Soul of a People: The WPA Writers’ Project Uncovers Depression America 
By David Taylor
Soul of a People is about a handful of people who were on the Federal Writer's Project in the 1930s and a glimpse of America at a turning point. This particular handful of characters went from poverty to great things later, and included John Cheever, Ralph Ellison, Zora Neale Hurston, Richard Wright, and Studs Terkel. In the 1930s they were all caught up in an effort to describe America in a series of WPA guides. Through striking images and firsthand accounts, the book reveals their experiences and the most vivid excerpts from selected guides and interviews. This book was the inspiration for the documentary Soul of a People: Writing America’s Story.
The Dream and the Deal: The Federal Writers’ Project, 1935–1943 
By Jerre Mangione
Operating in every state in the union for eight turbulent years, the New Deal's Federal Writers' Project provided needed jobs for more than 10,000 writers and would-be writers (among them Saul Bellow, Ralph Ellison, and Richard Wright) and produced some 1,200 published books and pamphlets, including the American Guide Series, which gave the nation its first self-portrait.

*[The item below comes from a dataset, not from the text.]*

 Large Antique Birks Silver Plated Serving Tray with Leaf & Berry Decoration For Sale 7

The WPA Guides: Mapping America 
By Christine Bold
Christine Bold presents an argument for how the WPA guides shaped America’s conception of itself in the 1930s and 40s. Bold concludes that the image of America that the WPA fostered is closer to fabrication than to actuality.
Lay My Burden Down: A Folk History of Slavery 
Edited by B.A. Botkin
B.A. Botkin compiled nearly three hundred of narratives of former slaves to create a rich, unvarnished portrait of lives lived half slave, half free. Their voices reach out across the decades and teach us what they know – our history and our legacy in their telling of an indelible truth.

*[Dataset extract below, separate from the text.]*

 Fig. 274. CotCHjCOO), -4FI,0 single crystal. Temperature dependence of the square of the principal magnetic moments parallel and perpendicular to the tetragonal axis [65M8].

Documenting America, 1935–1943 
Edited by Carl Fleischhauer and Beverly W. Brannan
Between 1935 and 1943, a group of photographers under the direction of Roy Emerson Stryker set out to photograph the United States for the Farm Security Administration and the Office of War Information. Photographs taken by this celebrated group, whose ranks included Dorothea Lange, Ben Shahn, Gordon Parks, Russell Lee, and Walker Evans, have since become icons of the 1930s and 1940s. This book presents fifteen case histories – photographic series accompanied by texts summarizing information about the photographers, their work in the field, and their assignments and subjects.
American-Made: The Enduring Legacy of the WPA: When FDR Put the Nation to Work 
By Nick Taylor
In 1935, the Works Progress Administration was created, which would forever change the physical landscape and the social policies of the United States. The WPA lasted for eight years, employed 8.5 million men and women, and gave the country not only a renewed spirit but a fresh face.

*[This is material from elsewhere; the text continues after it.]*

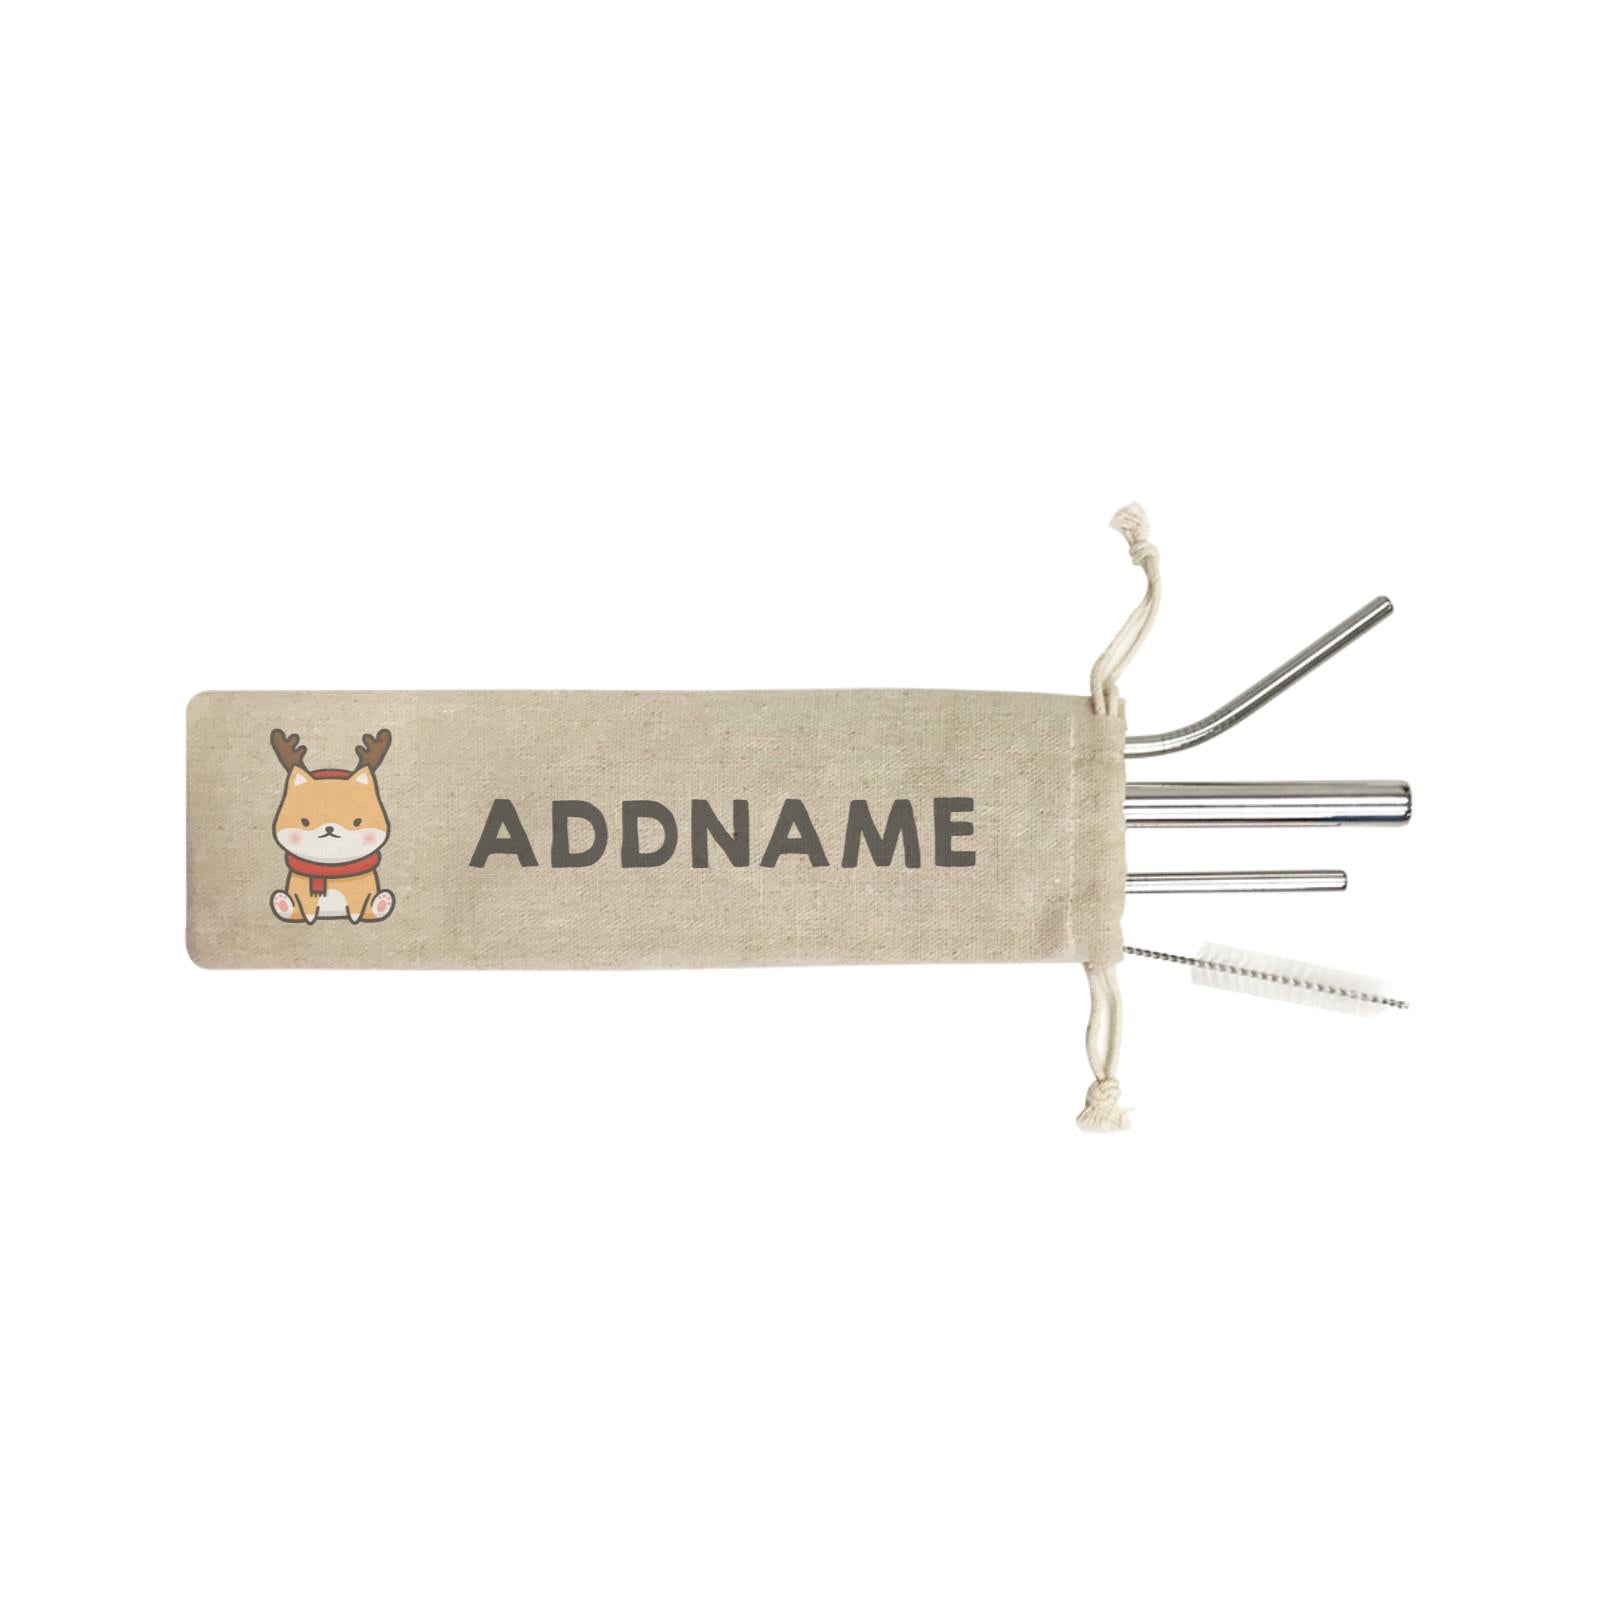 Xmas Cute Shiba Inu Sitting Addname SB 4-in-1 Stainless Steel Straw Set In a Satchel

State by State: A Panoramic Portrait of America 
Edited by Matt Weiland and Sean Wilsey
Inspired by the example of the legendary WPA American Guide series of the 1930s and '40s, now 50 of our foremost writers have produced original pieces of reportage and memoir that capture the 50 states in our time, creating a fresh portrait of America as it lives and breathes today.
America Eats: On the Road with the WPA 
By Pat Willard
Willard takes readers on a journey into the regional nooks and crannies of American cuisine where WPA writers – including Eudora Welty, Saul Bellow, Ralph Ellison, Nelson Algren, and others – were dispatched in 1935 to document the roots of this diverse culinary cuisine.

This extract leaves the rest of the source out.